— YOUR GOAL —
After removing every image, reproduce the data exactly as it appears.

— STORED DATA —

* * * * * * * * *

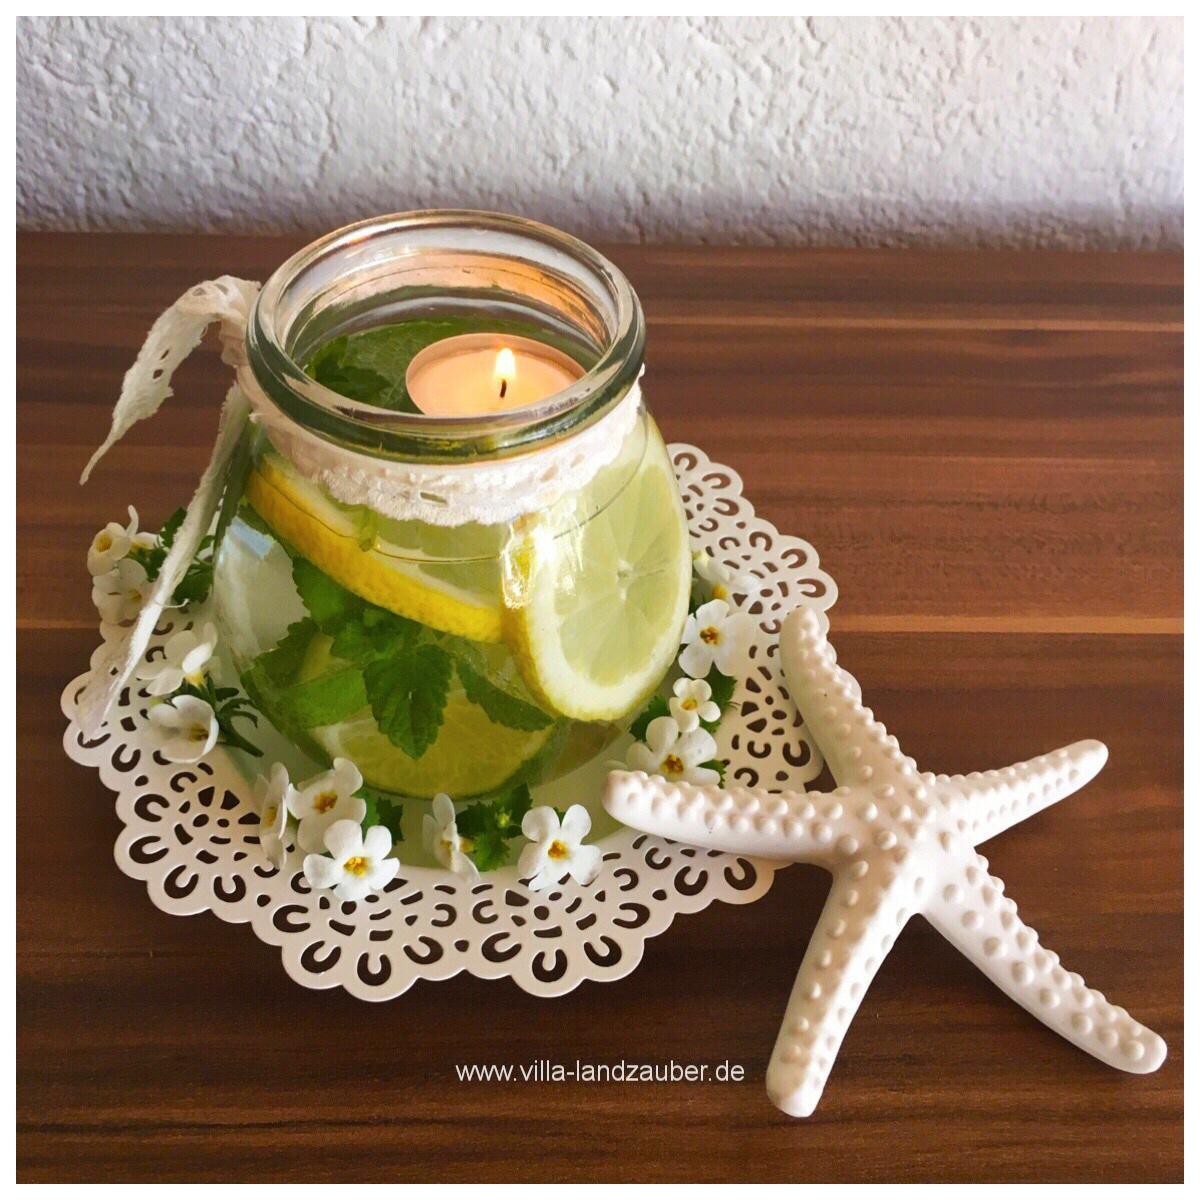 Sommerliche zitronendeko villa landzauber - Marmeladenglas deko ...
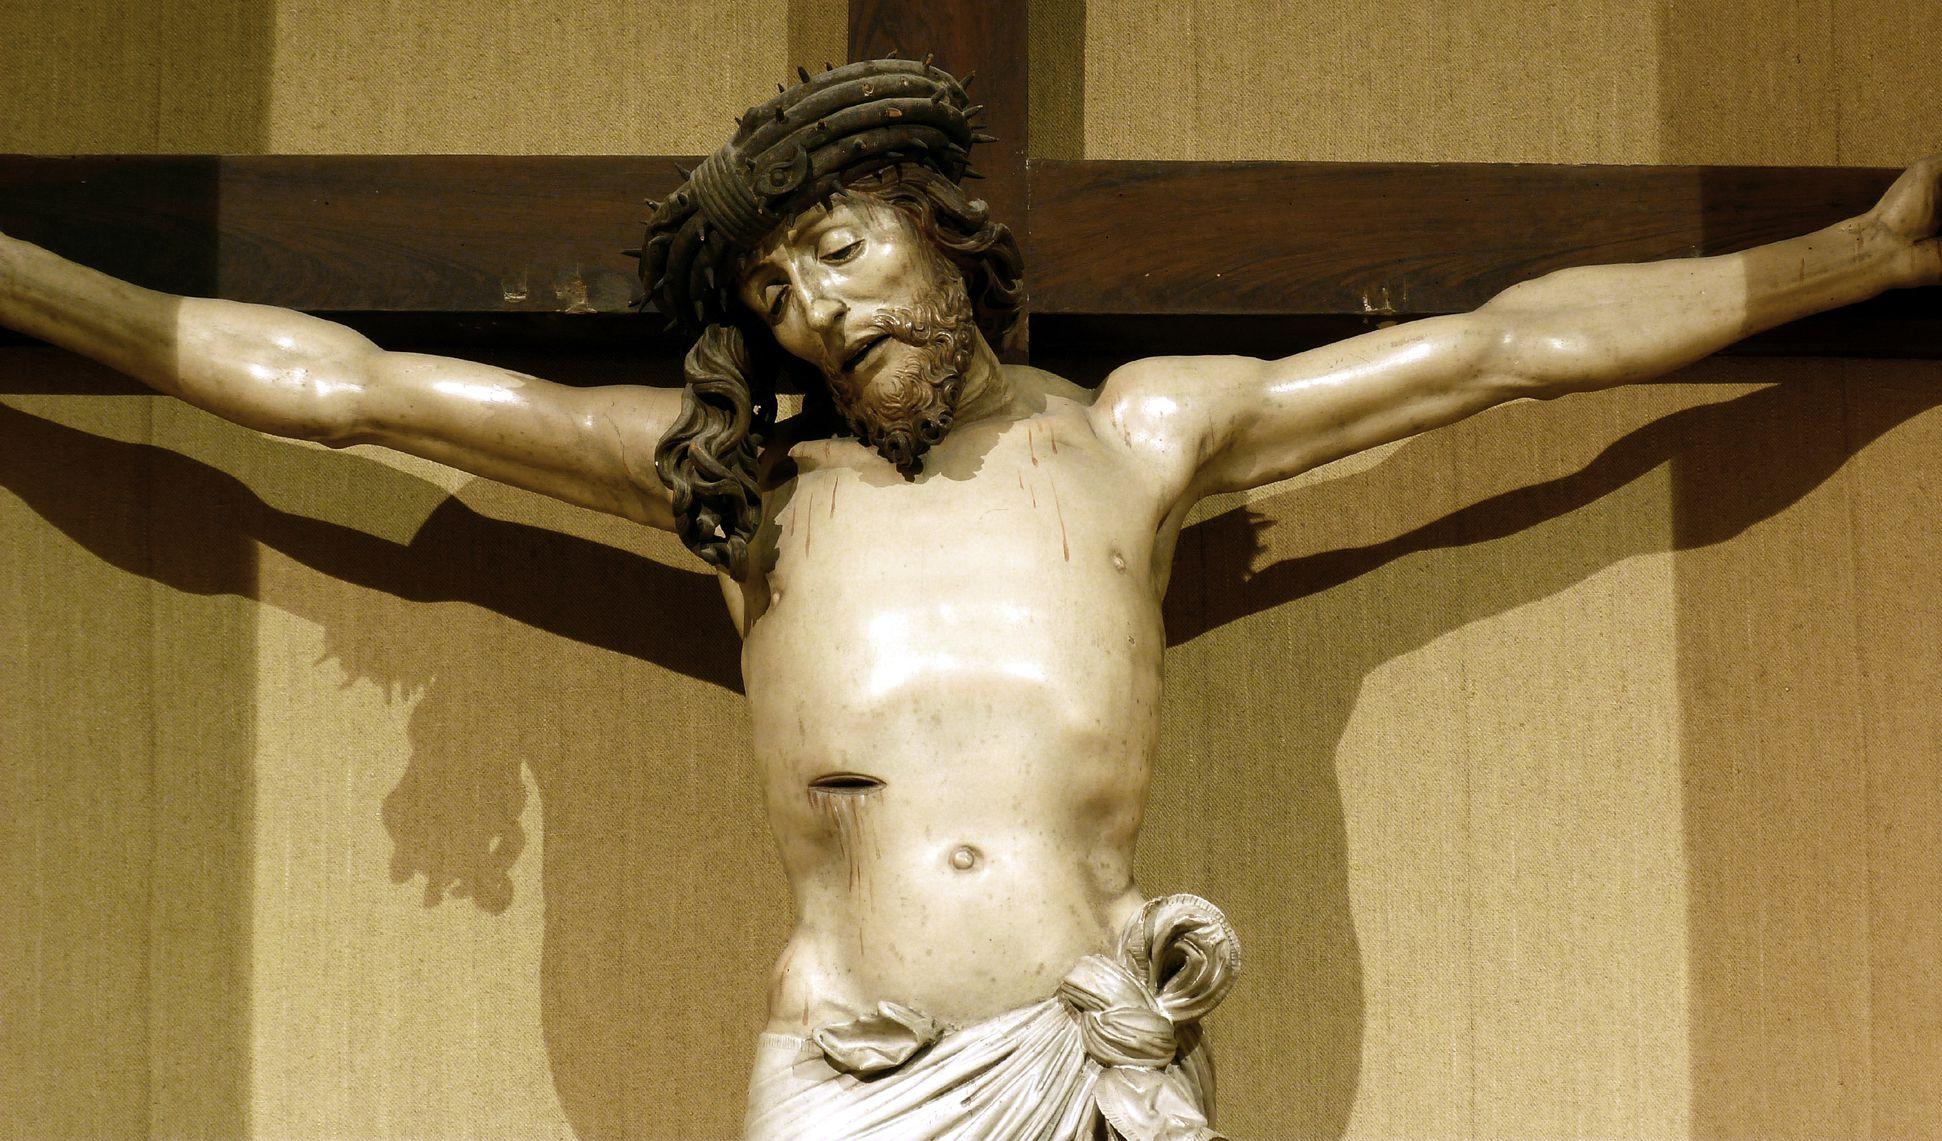 Crucifixus Upper part of the body
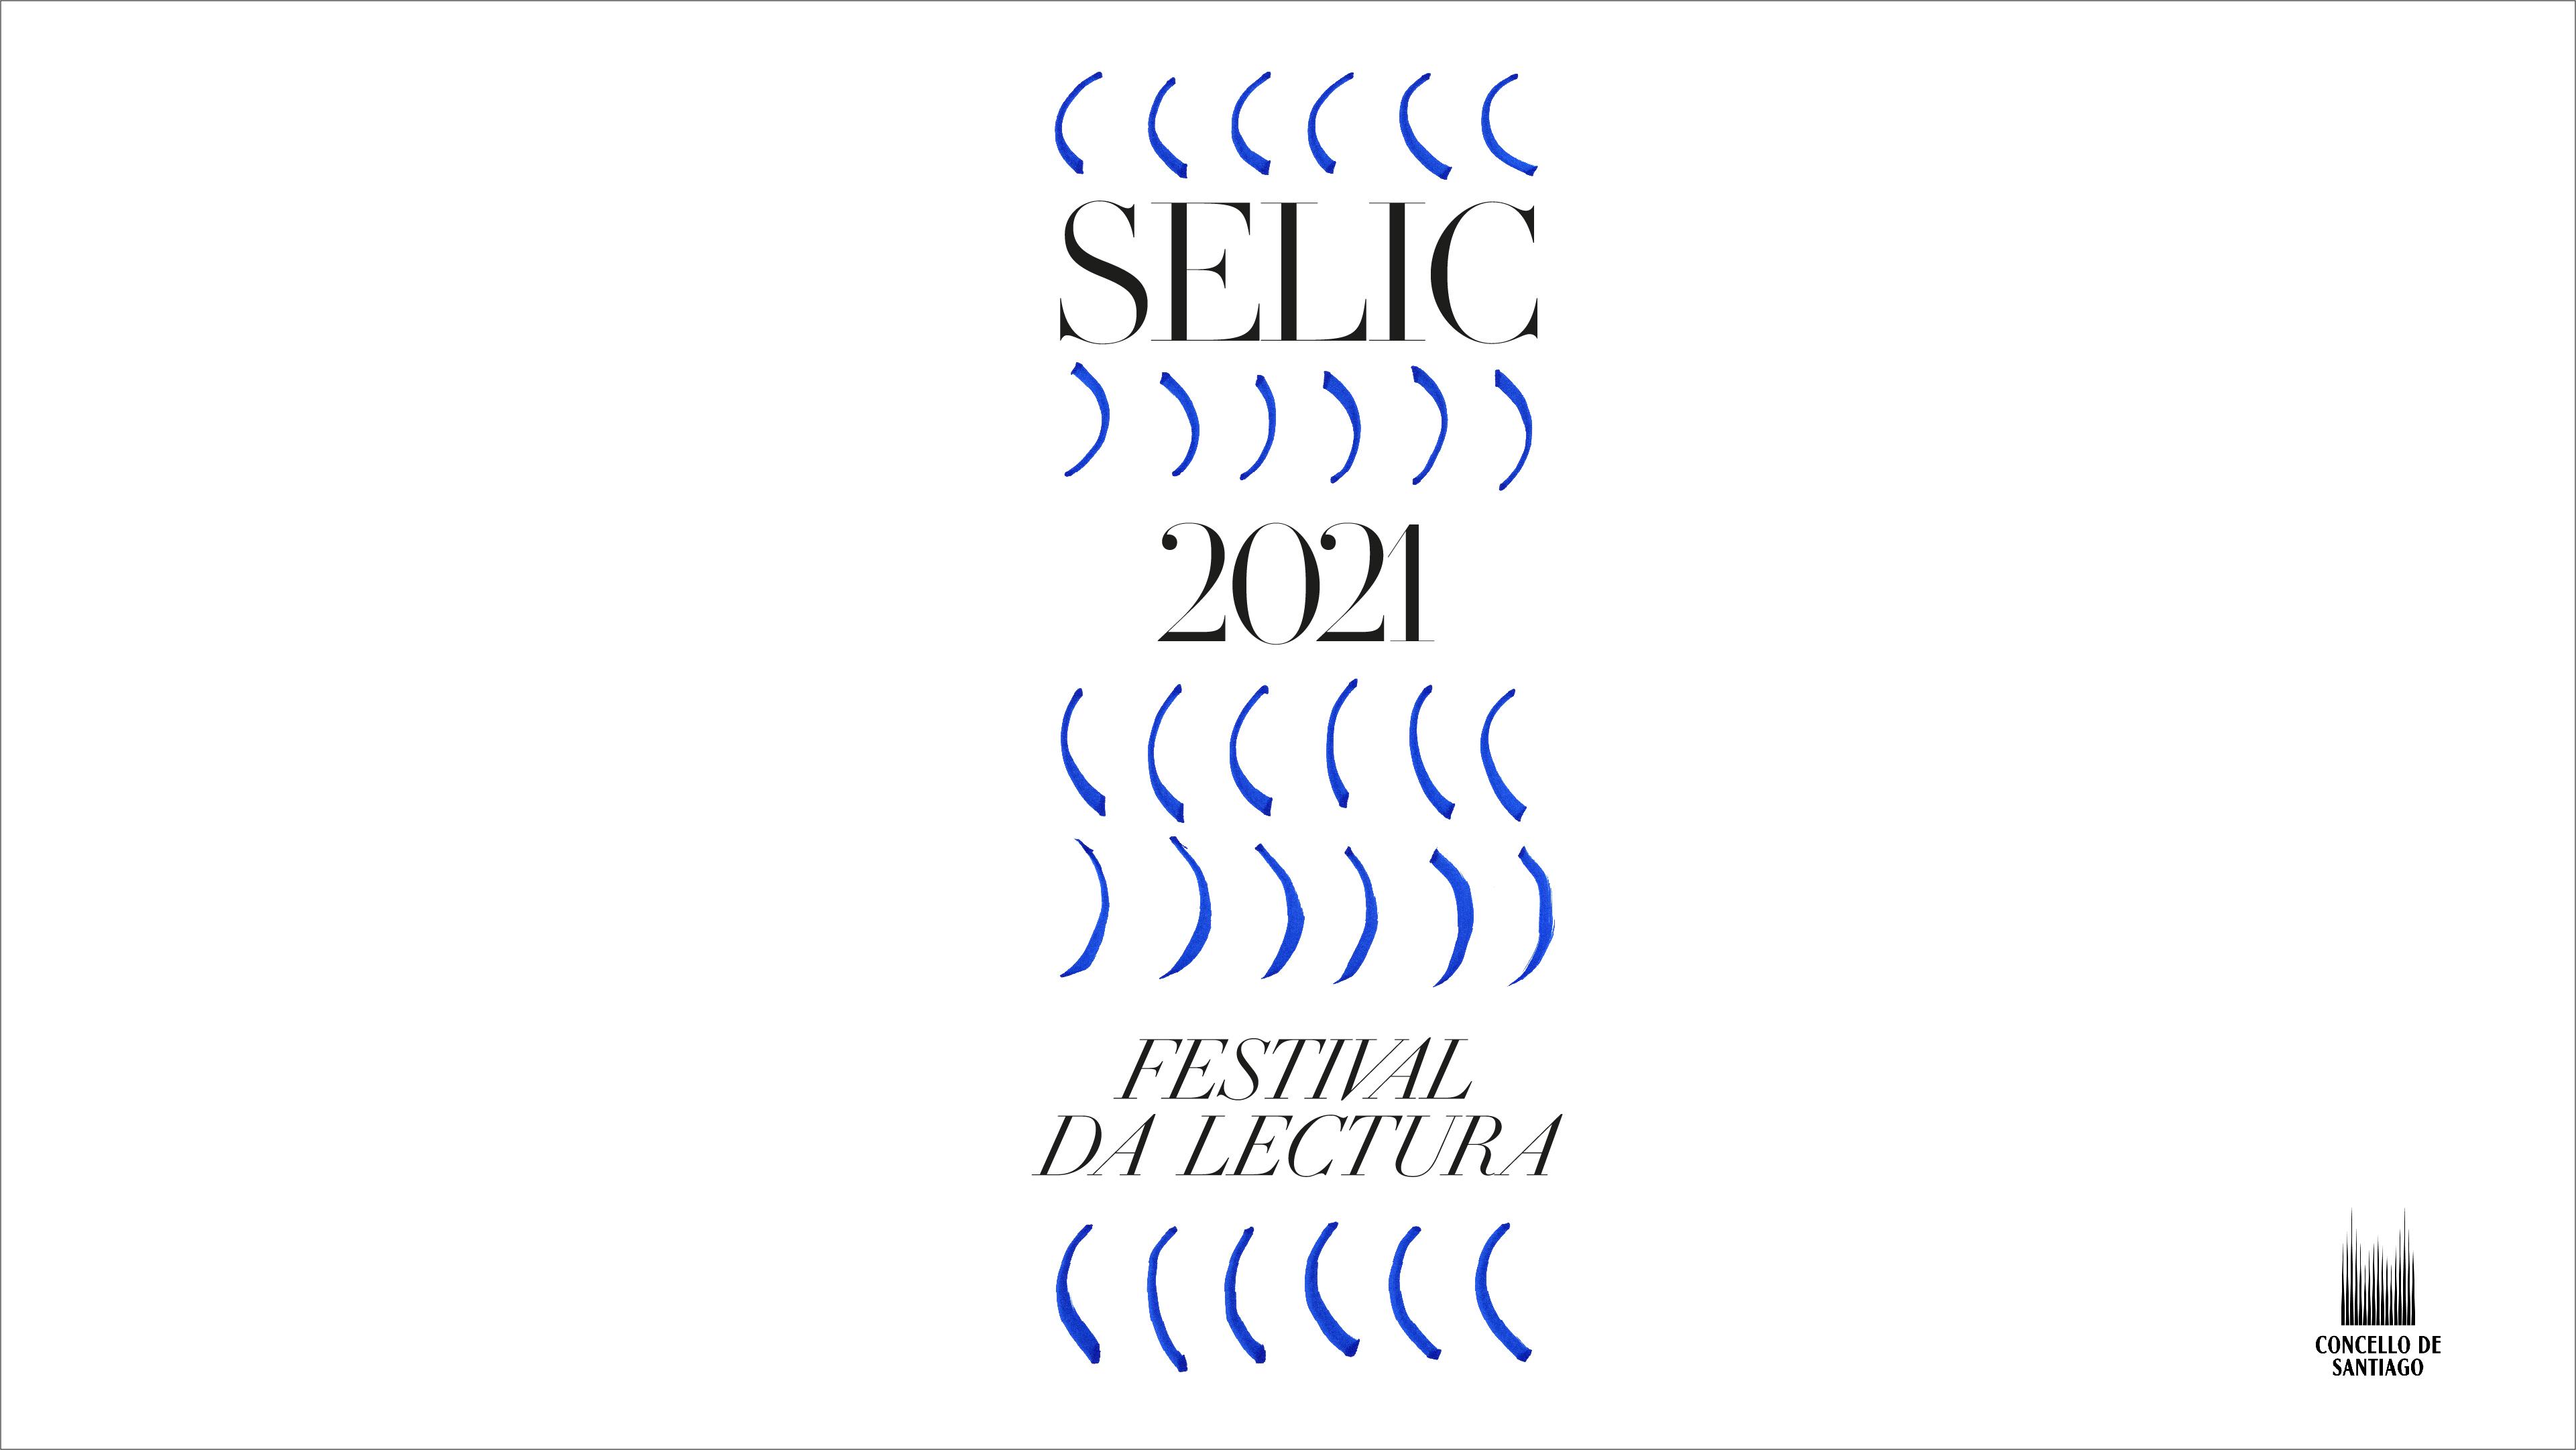 Imaxe da SELIC 2021
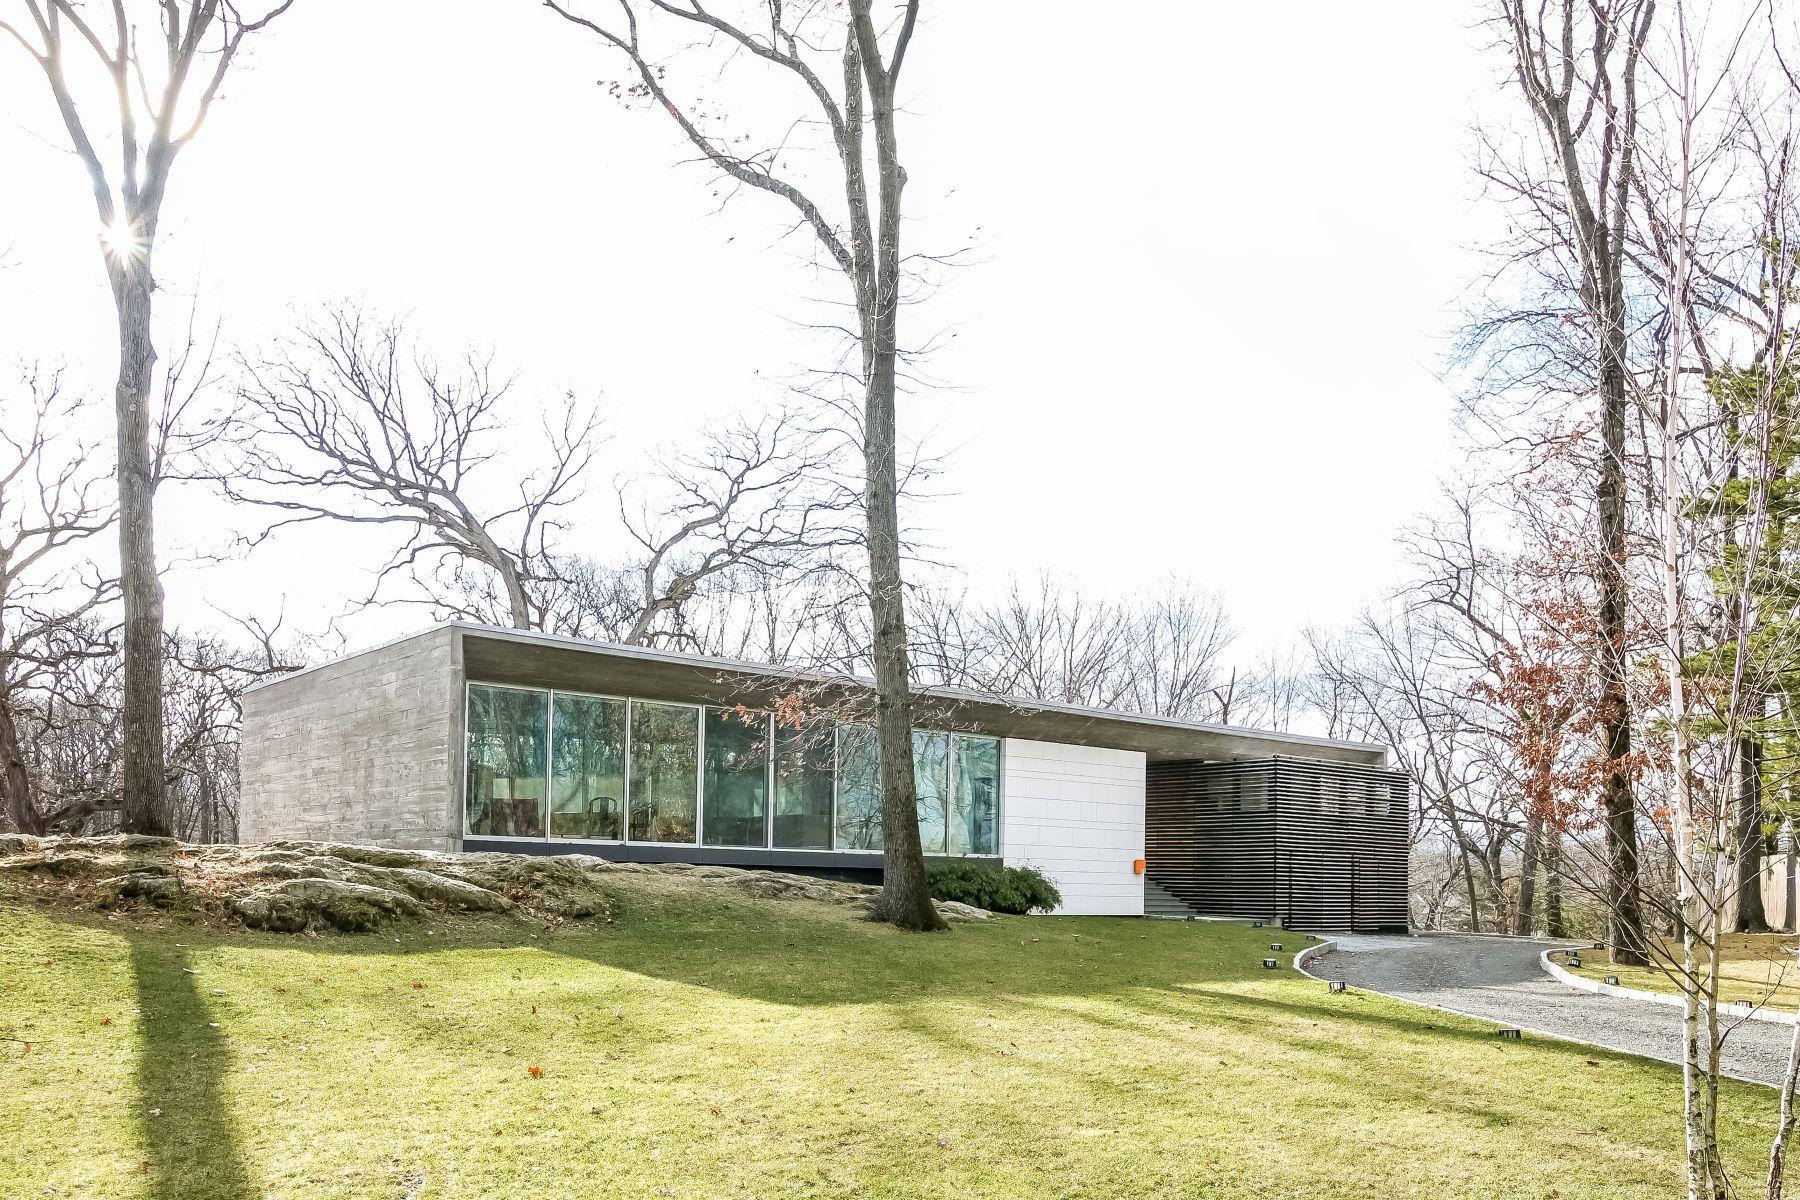 Частный односемейный дом для того Продажа на Rye Contemporary in Knob Hill 11 North Kirby Lane Rye, Нью-Йорк, 10580 Соединенные Штаты

* * * * * * * * *

— EXERCISE ANSWER —
 Sommerliche zitronendeko villa landzauber - Marmeladenglas deko ...
 Crucifixus Upper part of the body
 Imaxe da SELIC 2021
 Частный односемейный дом для того Продажа на Rye Contemporary in Knob Hill 11 North Kirby Lane Rye, Нью-Йорк, 10580 Соединенные Штаты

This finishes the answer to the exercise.